My classmates and friends were just as nervous as I was but they couldn't understand why I, Beauxbatons resident bookworm, was freaking out so much. They thought this would be a piece of cake for me. I, however, thought it was going to be the hardest test of my life.
"I think I'd give just about anything to not have to take this test right now. I'd run through the halls in my knickers if it meant I got to skip them."
"Je pourrais me mettre derrière cette idée." (I could get behind that idea. ) Adam grinned suggestively.
Lynnie punched him for me.
"Ouch." He glowered at her.
"Serves you right, perv." Lynnie smirked.
"So you're saying you'd go through torture rather than pass this exam with flying colors like we all know you will?" Henri asked with humor in his eyes.
I glared but answered just the same. "Oui."
"Even another year at Hogwarts?"
Three hands smacked Andre over the head. And I smirked as he yelped. Leave it to Lynnie, Leah and Bee to get violent. The mention of Hogwarts didn't even bug me like it normally would've. No dark shadow crossed my face, my eyes lost none of their shine.
I was perfectly unphased and able to grin at him amusedly. "Bien, je devrais penser à celui-là.

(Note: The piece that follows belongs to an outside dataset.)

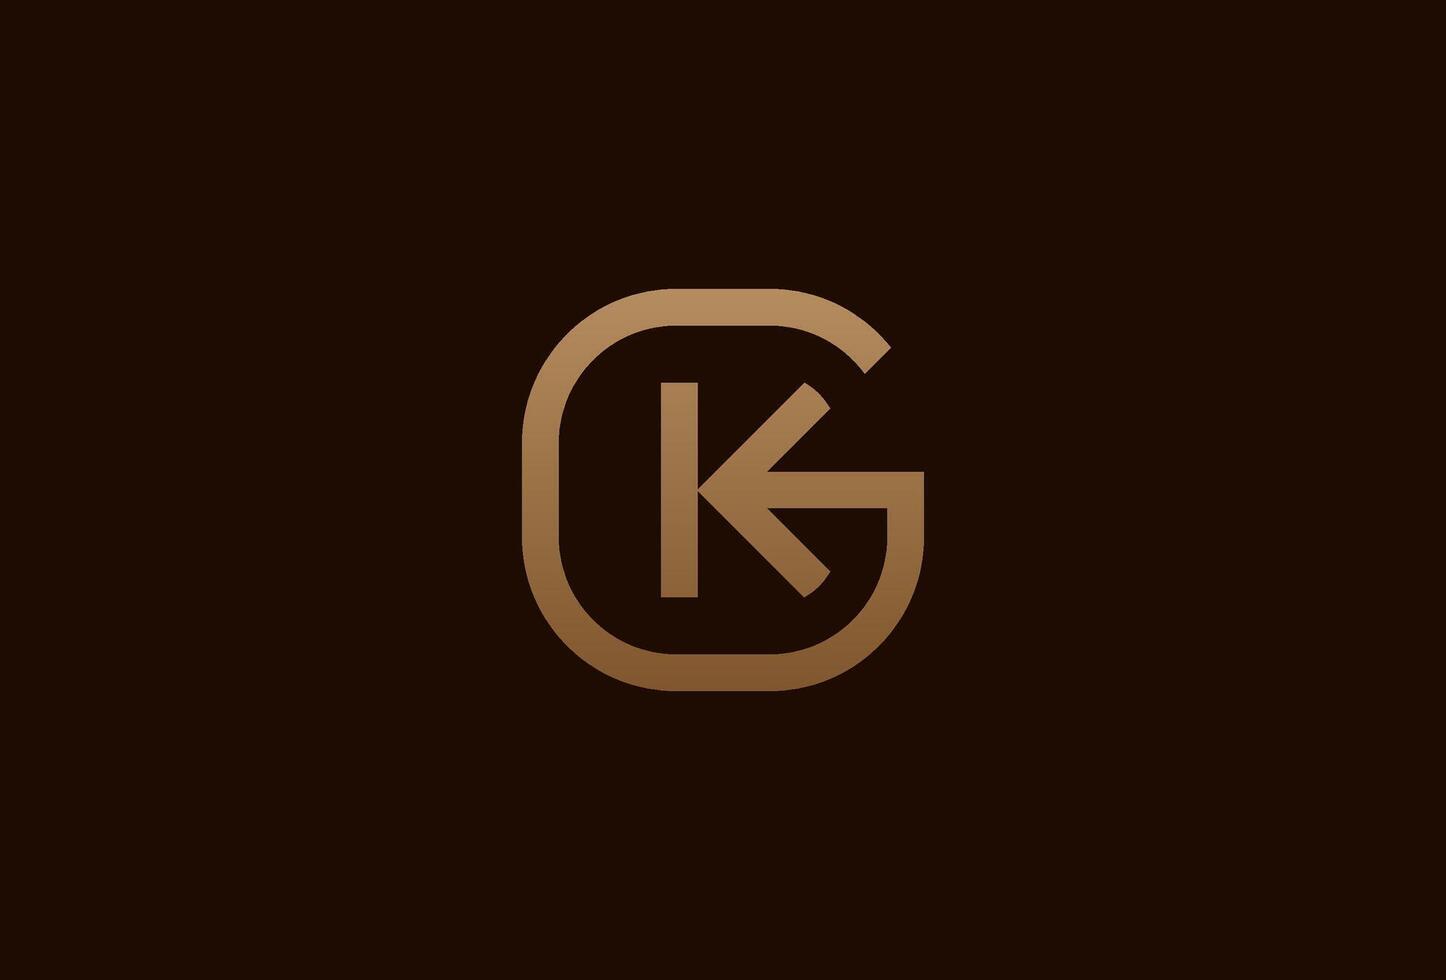 initial GK or KG logo, monogram logo design combination of letters G and K in gold color, usable for brand and business logos, flat design logo template element, illustration vector

But given my recent experiance, I think I could handle it." I winked at Lynnie, Leah and Bee.
The boys gave us confused looks but they'd learned that it was just safer not to even ask anymore. They'd had way too many 'it's a girl thing' diabolicals to step into that mine field again.
Adam sighed, "C'mon, Ange's got some exams to fail."
The same three hands smacked him.
The rest of us collapsed into giggles but Henri managed to choak out. "Three times in ten minutes! That's a record, mates!"